Do you know if you can have too many htaccess rules?
It all depends on what kind of rules they are. If they are redirect rules, then yes. If they are not set up properly it can cause a redirect loop, also a lot of unnecessary redirects can really slow down the site. A lot of .htaccess rules also makes it harder to keep the code organised. Are you experiencing any issues with your htaccess file?
I was looking to block everything except USA based IP addresses. I found a list of USA IP ranges. It was about 50k allow lines though.
Oh those are the rules you were referring to , then I misunderstood you. I would highly suggest that you do not do that. Each visitors IP would have to go through the whole .htaccess list which would take a long time to load, it could even cause load spikes on the server. What you could do, is just block the usual countries that are causing trouble in the firewall, like China, Russia, Ukraine, France. The CSF has a geoIP feature which would allow us to set this up in a simple way and server wide.

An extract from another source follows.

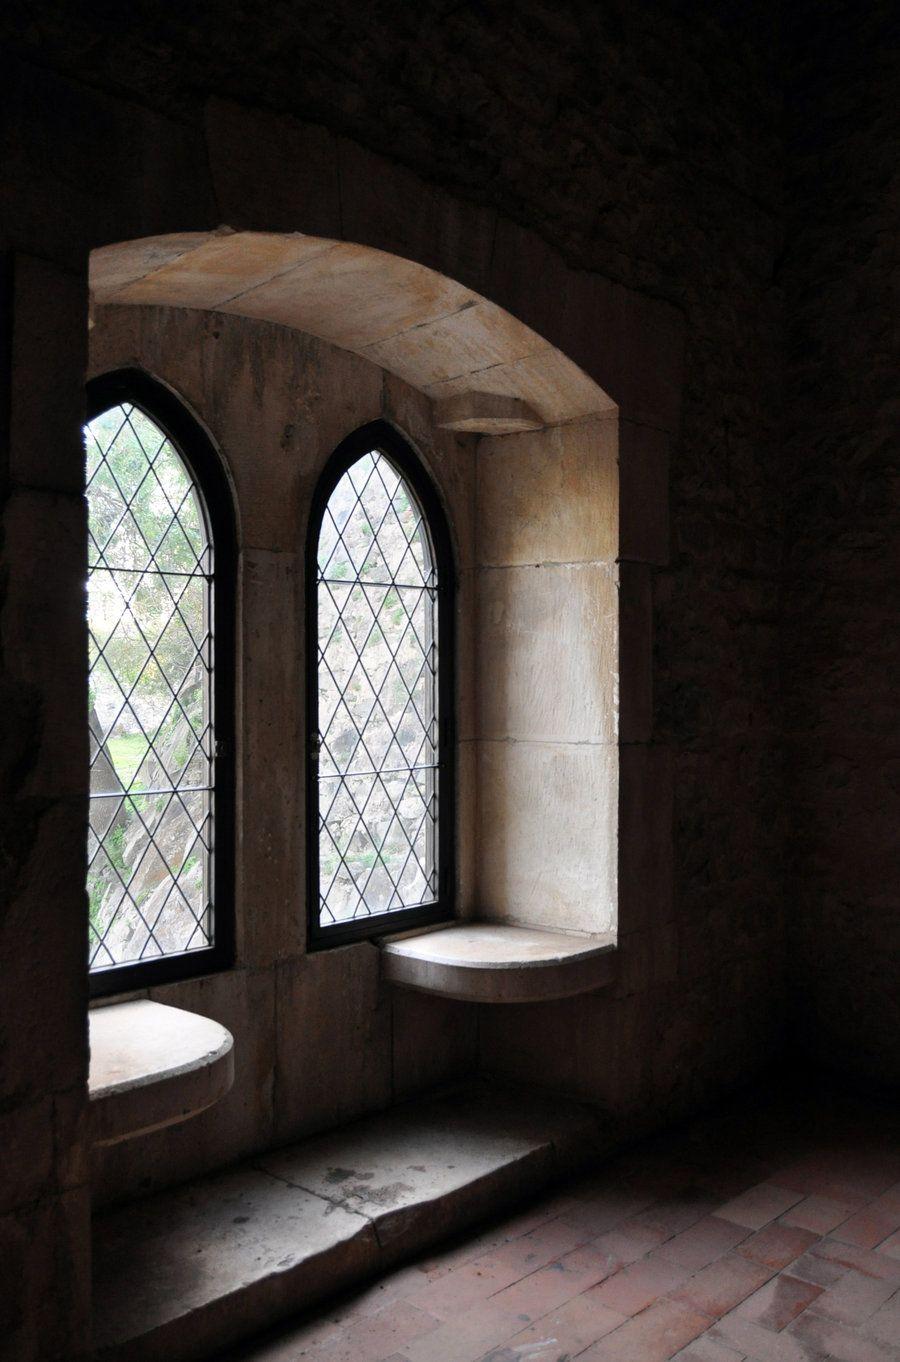 medieval castle interior window seat keys to the castle medieval castle interior window seat
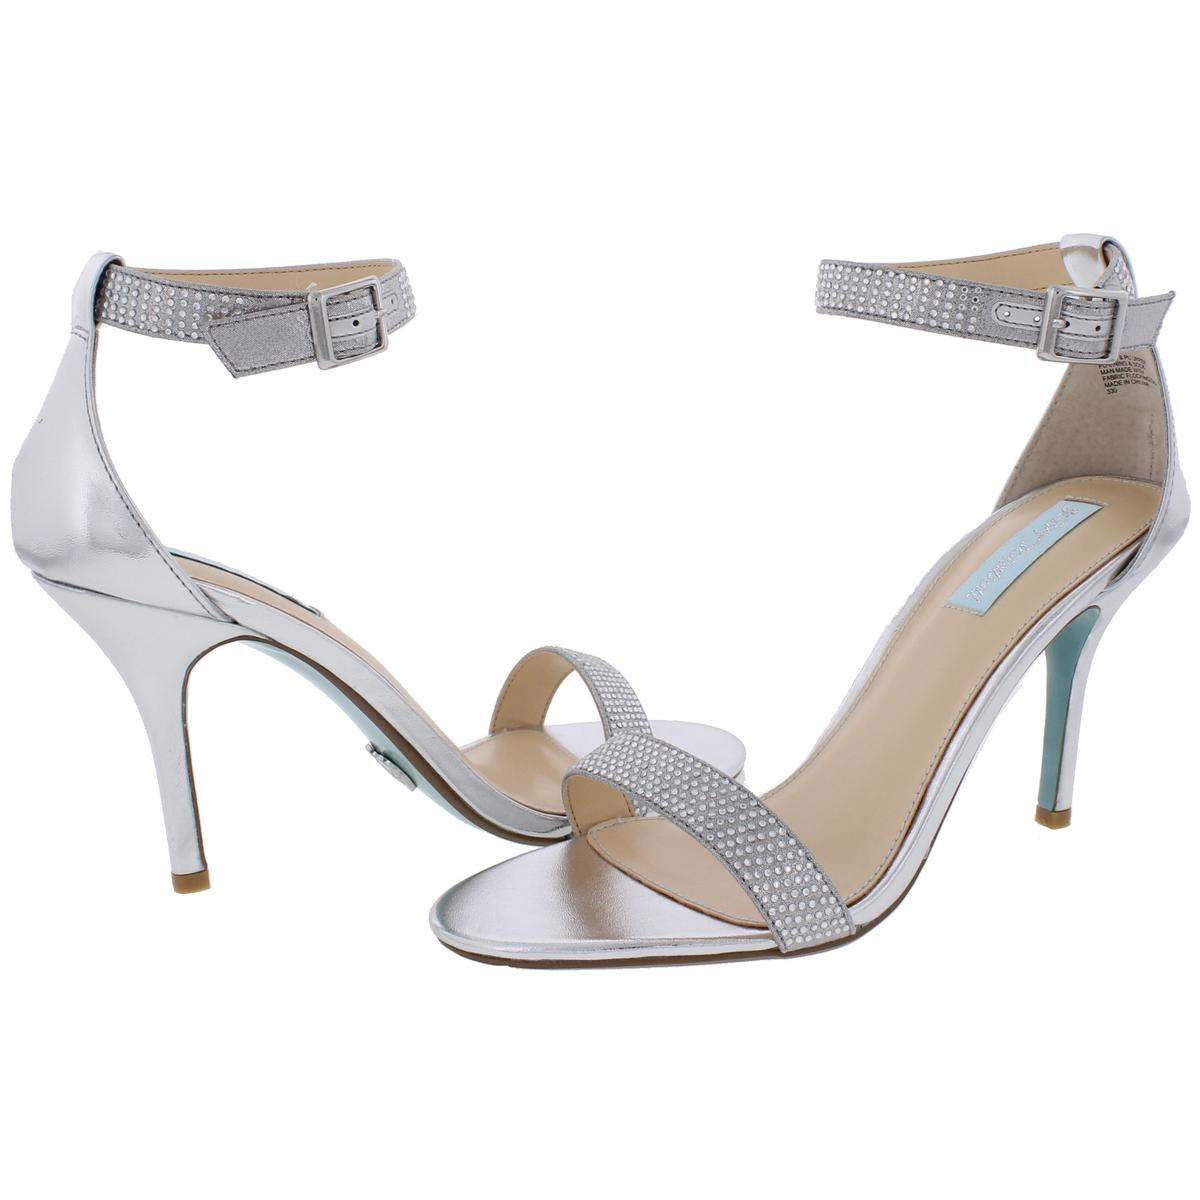 Blue-by-Betsey-Johnson-Womens-Shilo-Studded-Heels-Dress-Sandals-Shoes-BHFO-0493 thumbnail 13

Okay good to know, thanks. I was looking to block login attempts to wp-admin via htaccess and wondered what the best way to block whole countries is here? Do you think the firewall is best option rather than htaccess rule?
It would be best yes. We can also set up a .htaccess rule that would deny wp-admin access to everyone but your IP, or to everyone but your and your developers IP. That would be even better.
Some of my users IP address changes though and I was looking for geo location option. Does this need to be added via firewall then?
Yes, but I would suggest that we don't deny everyone but the US. I suggest that we only deny the few I stated above.